By the same argument, though, why not just use Postgres? And I write that as a fan of Erlang. Indeed: https://github.com/epgsql/epgsql


I can't say I found the piece particularly insightful.

It seemed to imply that mnesia is the DB of the future as soon as everyone realises that everything they are doing is completely wrong and they should be doing things that are more suited to mnesia. Without saying what those things are.

I actually found one of the child comments [1] was pushing in a better direction. Essentially, the vast drop in $/TB of storage means that persistence of time series/ event type data is practical for the masses now. Sure it's found a niche in ads on the web, but it has much wider applicability than that. I personally think that Erlang is particularly well suited to this space.

[1] http://erlang.org/pipermail/erlang-questions/2015-October/08...


The reason why the comment is insightful is that suddenly Erlang has found itself in the crosshairs of an industry that it is particularly useful for (ad-tech) but there are many more applications that have nothing to do with adtech which erlang is also very well suited for. So for adtech to start pushing the direction in which erlang/mnesia evolve would be wrong.

As for the drop in $/TB of storage, that drop has been steadily going on since the 70's of the previous century and for a very large chunk of that period Erlang/mnesia have been adapting bit by bit to take advantage of that price-decrease.

Persistence of time series and event type data does not (usually) require the kind of storage solution that mnesia offers, a much simpler storage medium would probably suffice and/or be a better choice for that application anyway, storing such data without further processing in a relational database is a bit of a cop-out.

Most of those applications could benefit from digesting and compression which is something you're not going to easily retro-fit onto an existing database.


> Persistence of time series and event type data does not (usually) require the kind of storage solution that mnesia offers

Indeed. That's precisely my point (just stated better than me). Erlang looks like being a very good fit for a large class of applications of this form. mnesia, on the other hand, is not well suited as the persistent storage for them. It would follow then that it could make sense for the "next gen" storage for Erlang to be more in line with this sort of thinking in the way you describe.

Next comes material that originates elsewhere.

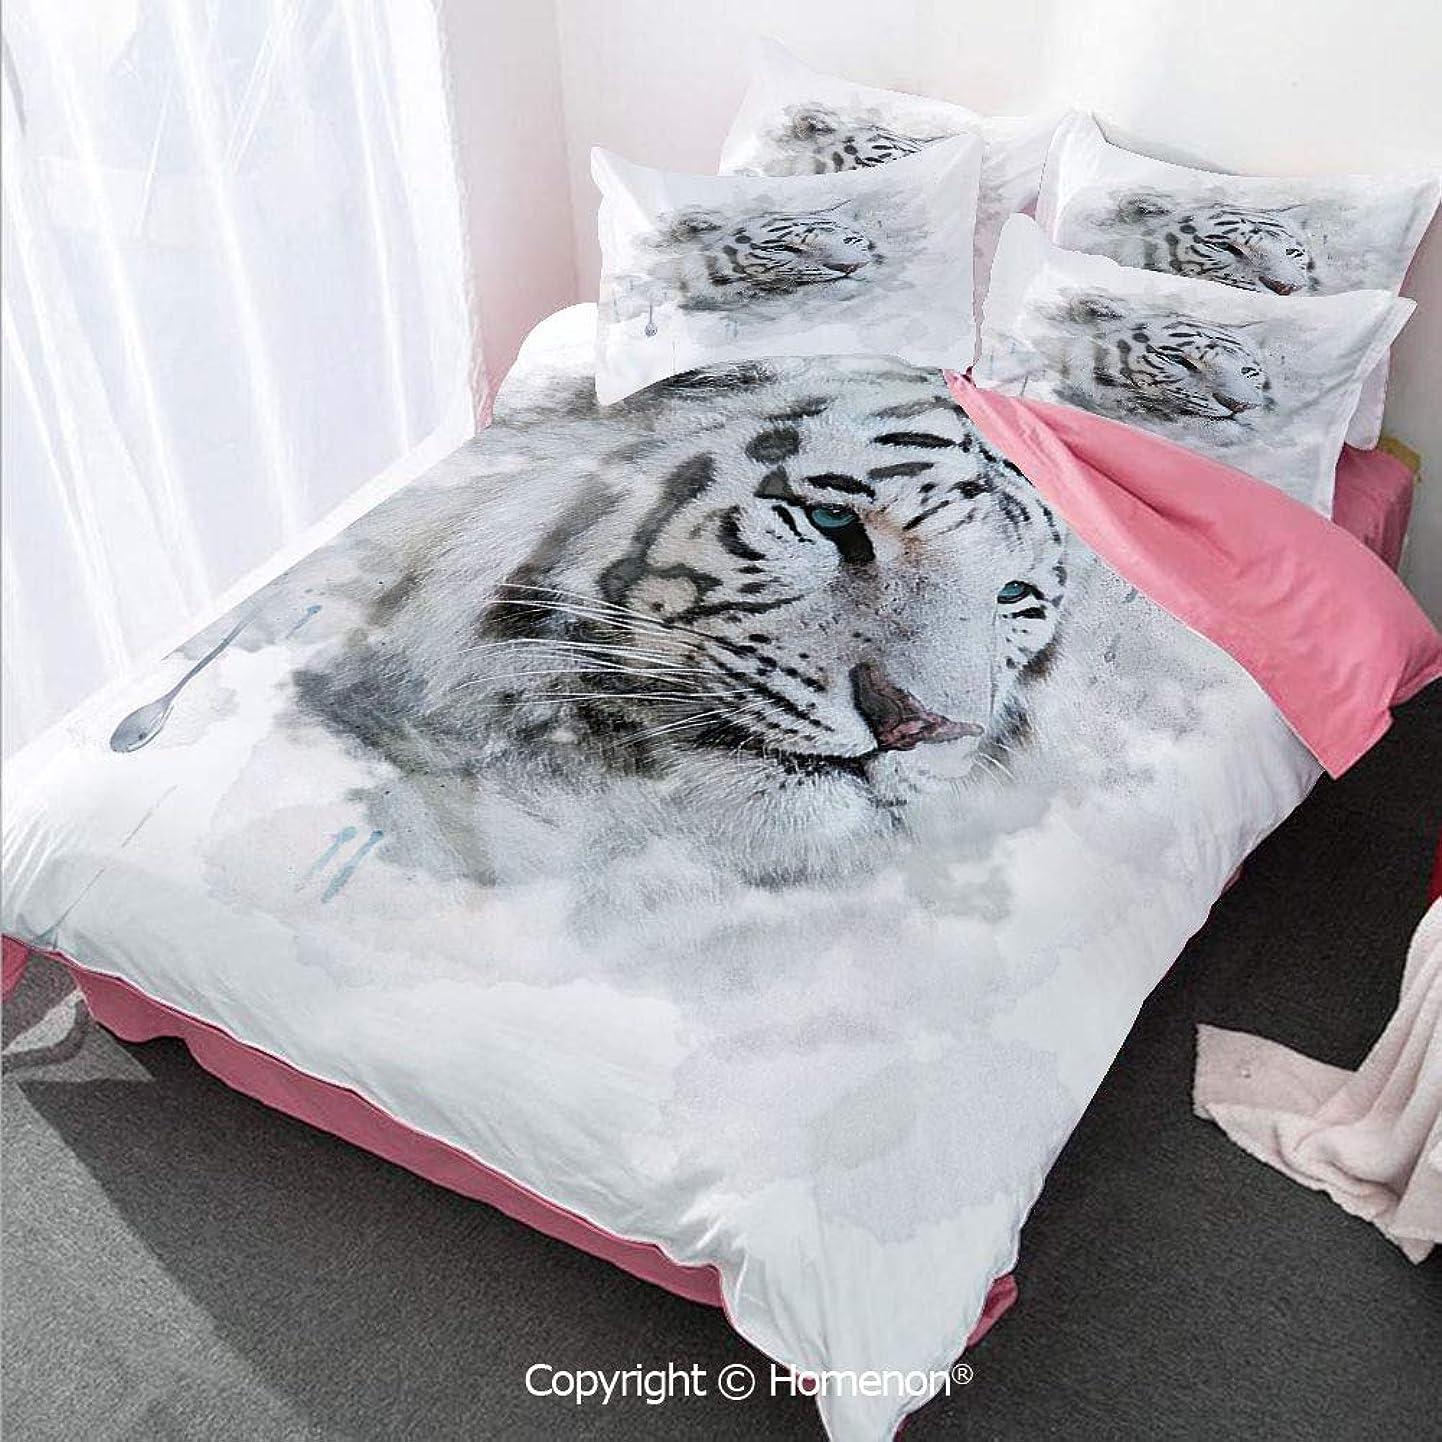 Homenon Animal Girl's Room Cover Set Full Size,Artistic Portrait of a White Tiger Wild Nature Predator Wate,Decorative 3 Piece Bedding Set with 2 Pillow Shams Black Grey White mcoxlpmftka1

As to the drop in $/TB, it's been pretty steadily exponential. But the cost of consuming and analysing TB of data has only really been practical for non-specialist houses for 5-10 years. When you're in the low GB range then a static data picture makes sense. When you're able to play with TB of data then a dynamic picture makes sense and Erlang really shines.


> This is much more interesting than chasing click statistics in the interest of brokering ad sales at the speed of light so that users can continue to ignore them.

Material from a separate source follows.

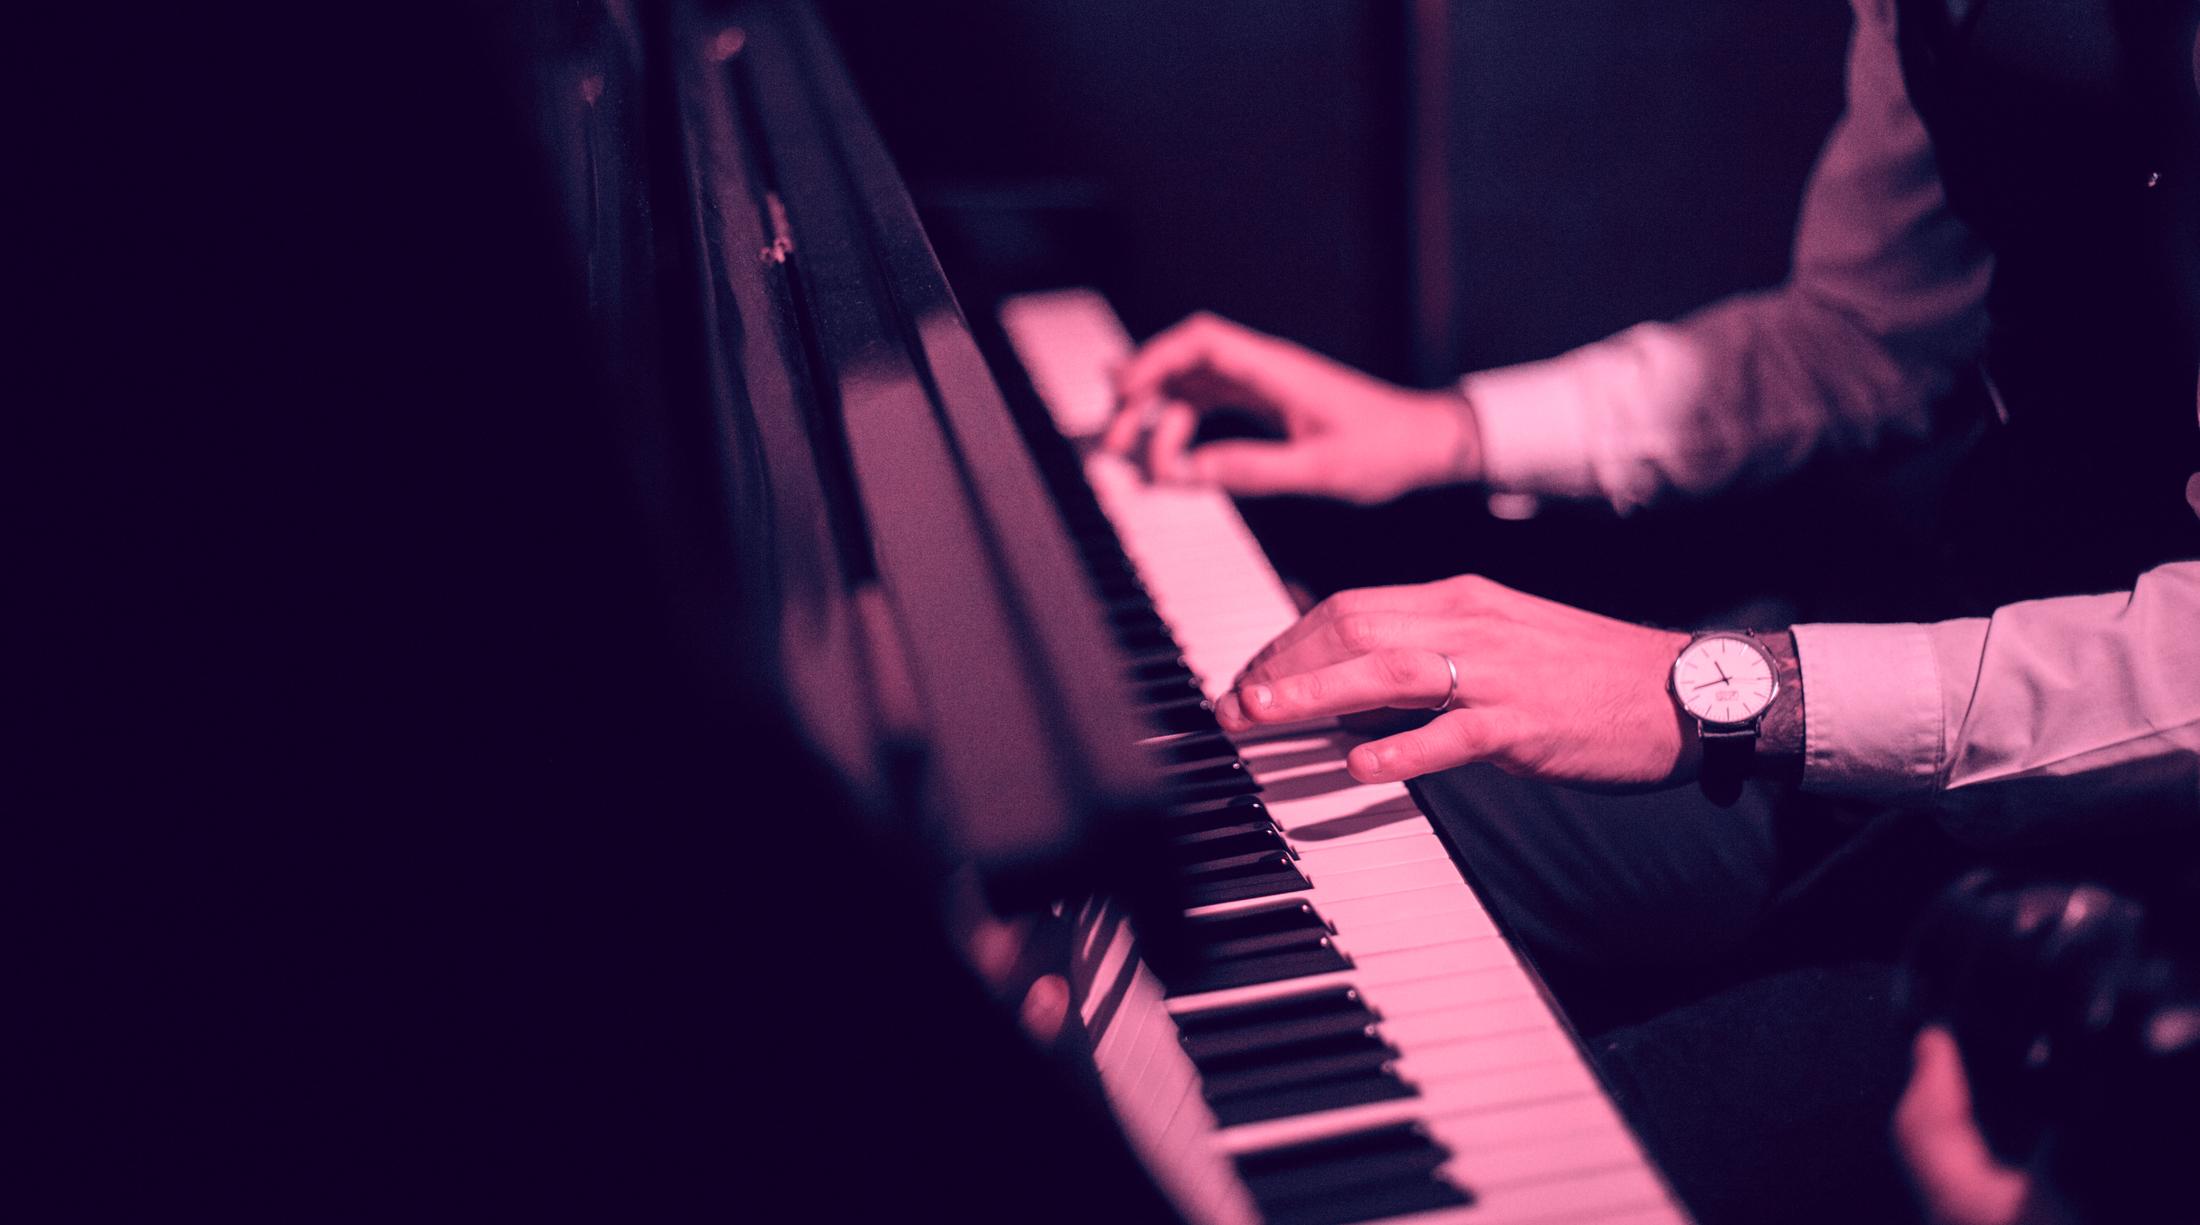 bg-piano-v3.jpg

That comment really packs a punch and should get much wider visibility. Ad tech and related software is where way too much of our collective efforts are going.


> instead of shelling out for yet another upgrade to a spreadsheet program that will be used to do exactly what they would have done with a spreadsheet in the 80's -- or even funnier, for a version of that spreadsheet that still does the same things, but slower, in a browser

Oh yes. This whole e-mail is just golden.


Because it's one of the most important sources of funding for tech companies (justified or not).


Not really. There is a niche of social companies (twitter,facebook,google search engine) that make money from ads. There is a niche of media companies (youtube) that make money from ads. There is a nice of startups which make money from Funding/IPOs. These niches are a focus of HN and get talked about way out of proportion of their representational percentage.

Most most tech companies make products and get funding from sales (netflix, amazon, apple, ibm, microsoft, 99% of the Enterprise and 99% of small-medium market).


And it became so probably because it's easiest - you can build whatever crap you want, slap some ads on top and earn $$$. In time, the whole industry learned that it's not even worth to improve the actual utility of the product - focusing on sexiness and addictiviness is better, because it drives even more ad views.